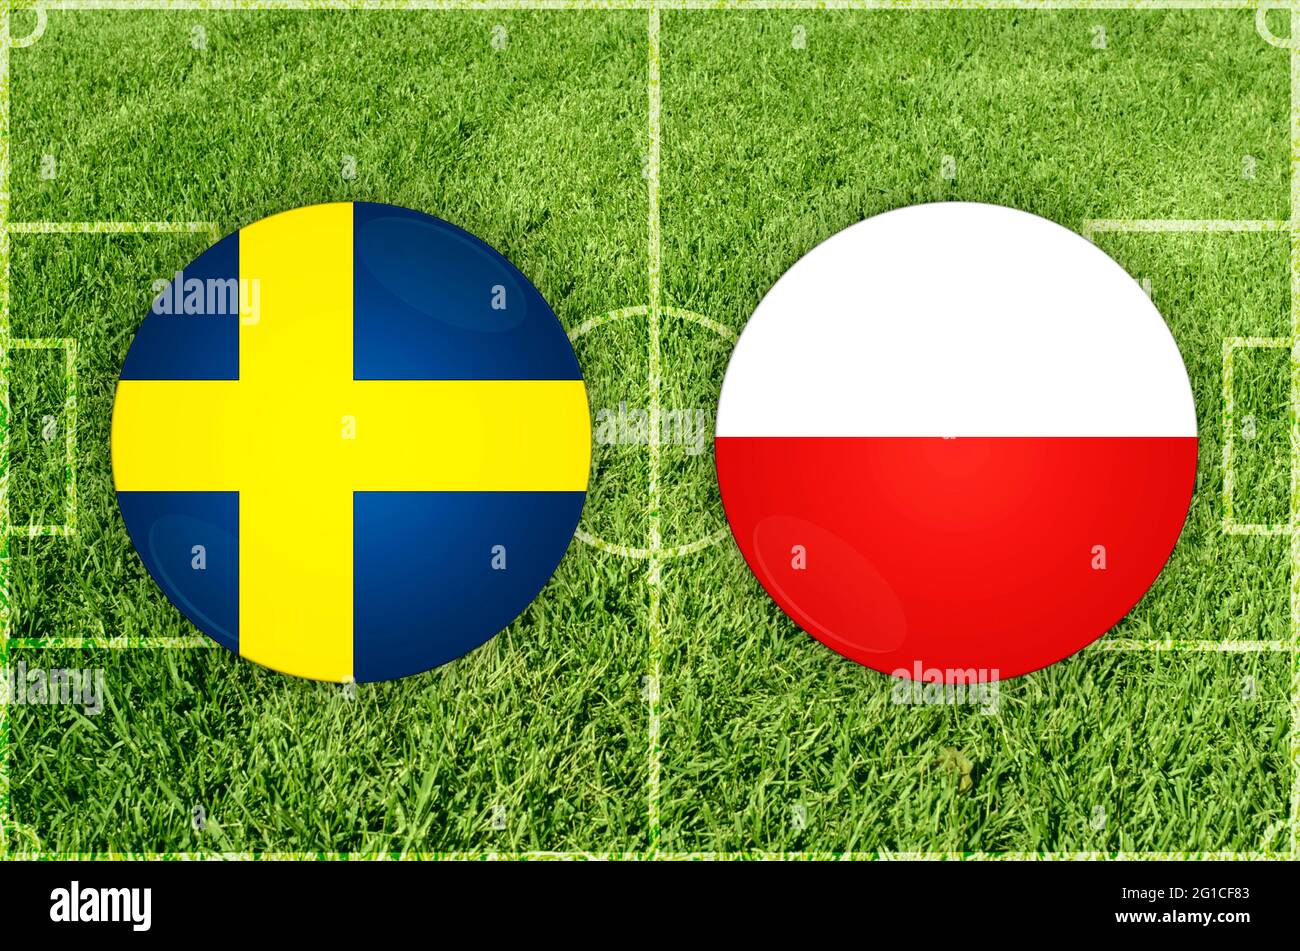 Sweden vs poland
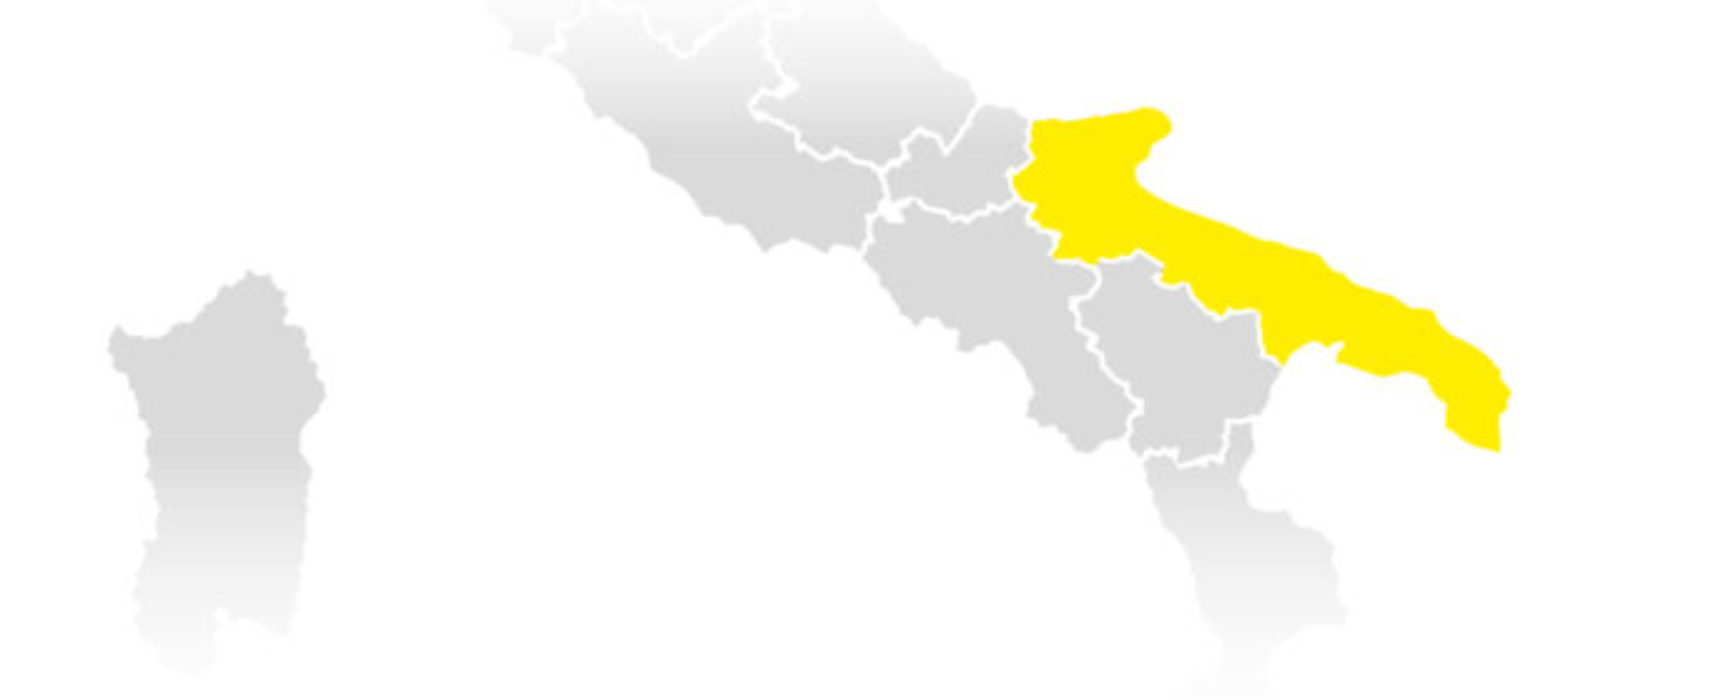 Decisione definitiva: la Puglia in zona gialla dall’11 febbraio
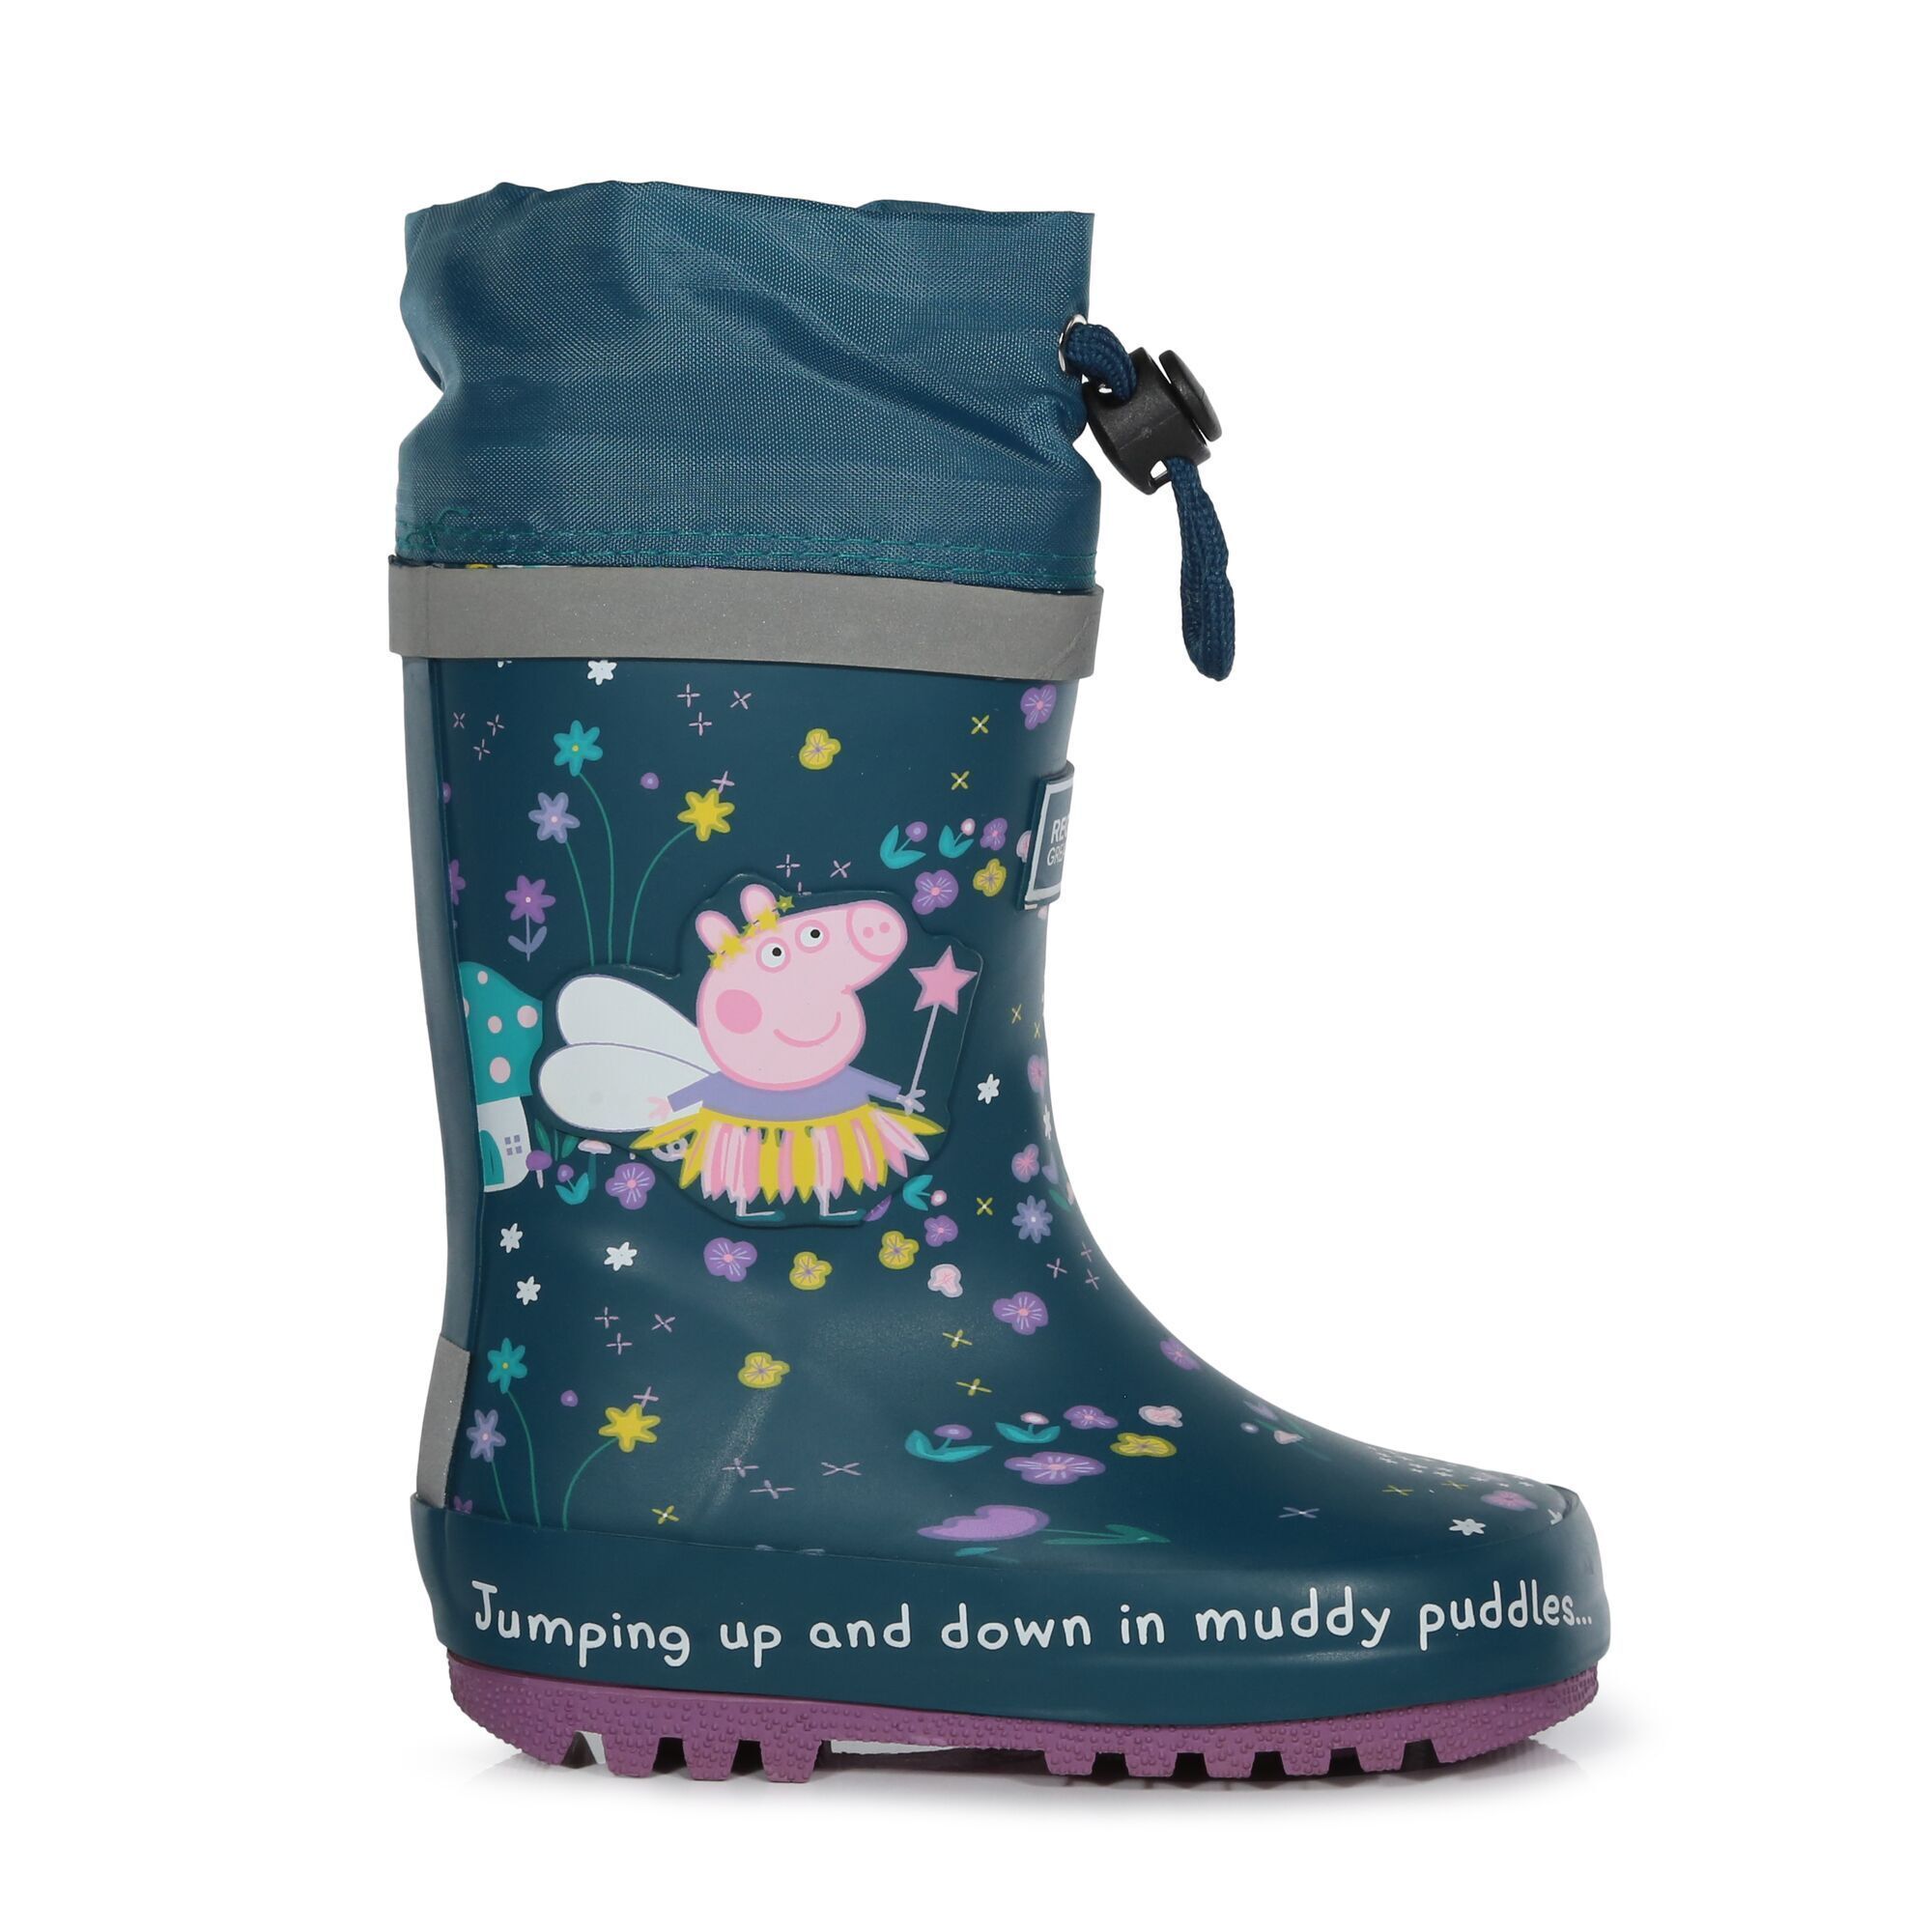 Fantasia Infantil/ Infantil Peppa Pig Splash Wellington Boots Regatta Fantasy
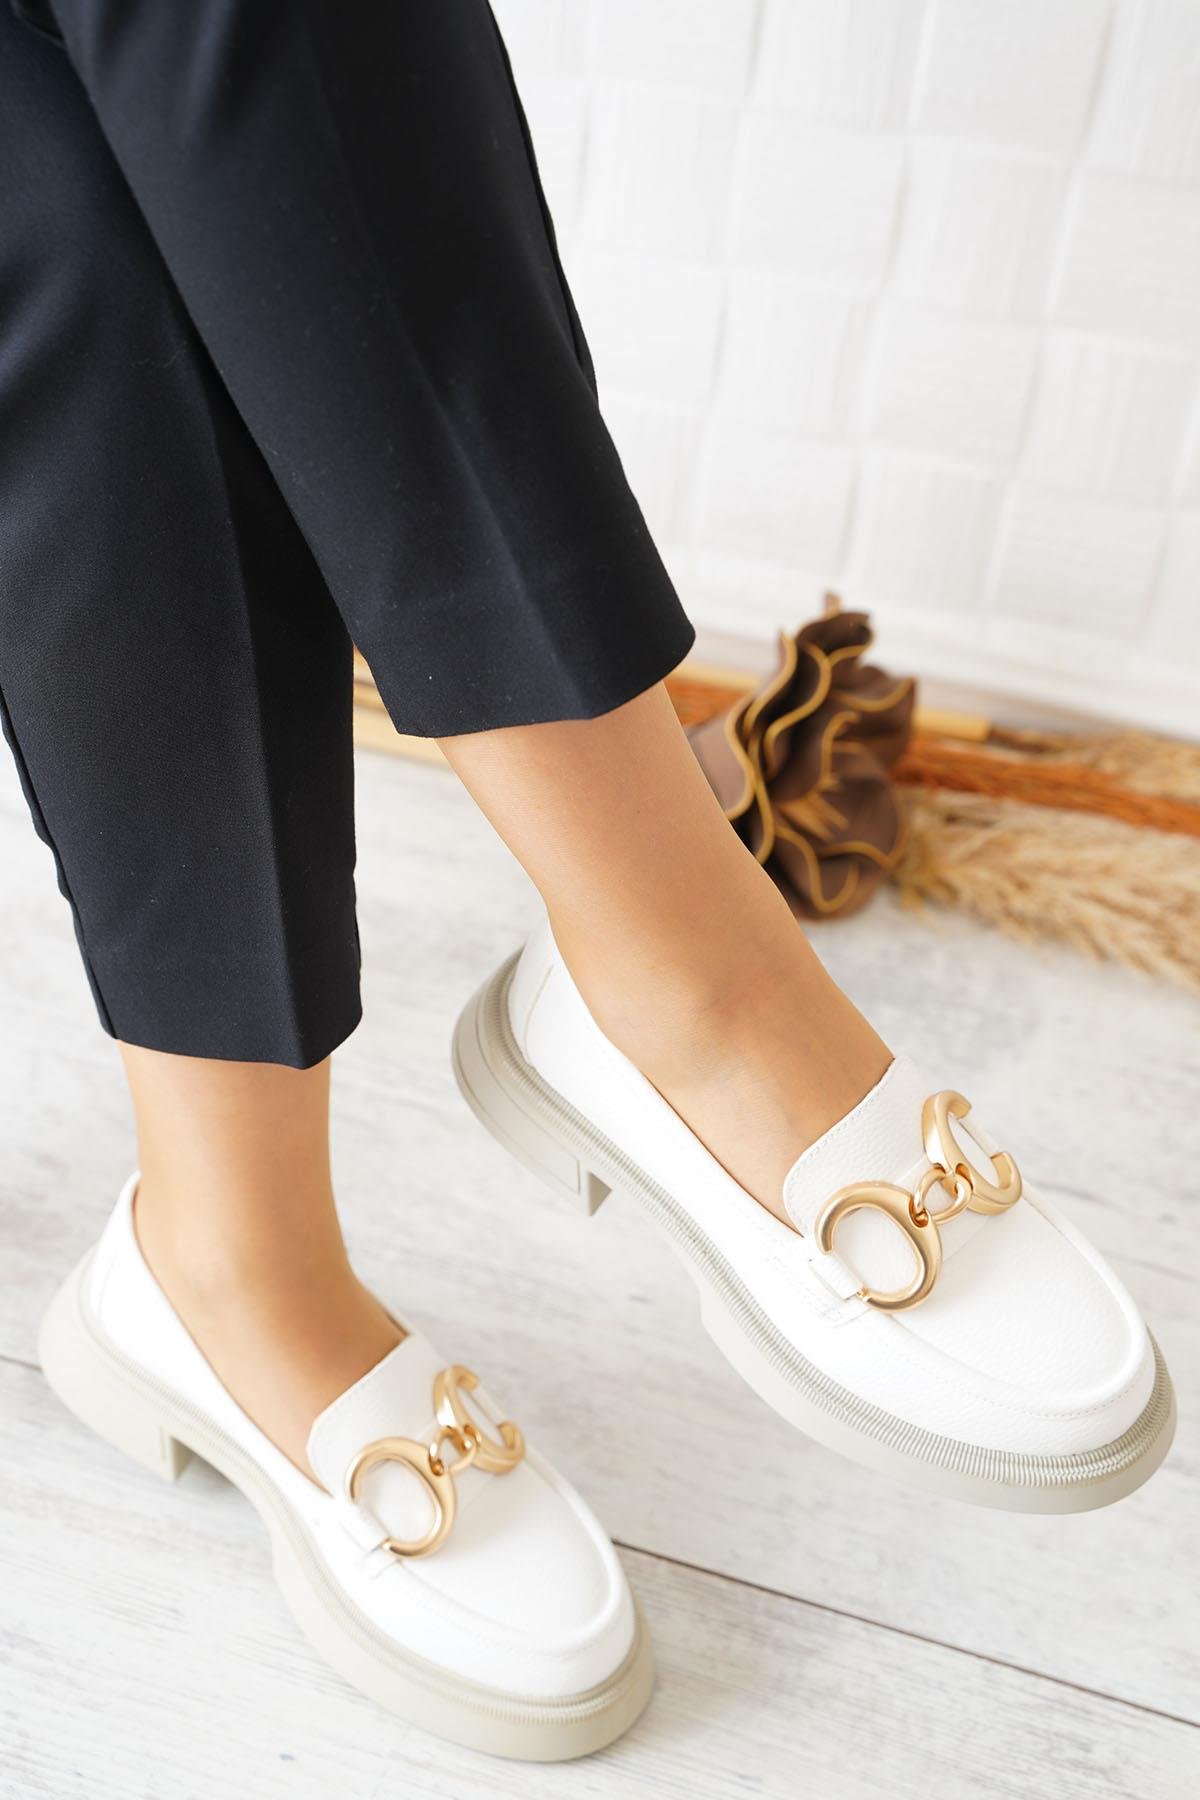 Olce Geçme Tokalı Kadın Loafer Ayakkabı Beyaz Cilt
==*==
### Work item
Every line of the material above must be written out exactly, with no pictures.

### Response
 Sweden vs poland
 Decisione definitiva: la Puglia in zona gialla dall’11 febbraio
 Fantasia Infantil/ Infantil Peppa Pig Splash Wellington Boots Regatta Fantasy
 Olce Geçme Tokalı Kadın Loafer Ayakkabı Beyaz Cilt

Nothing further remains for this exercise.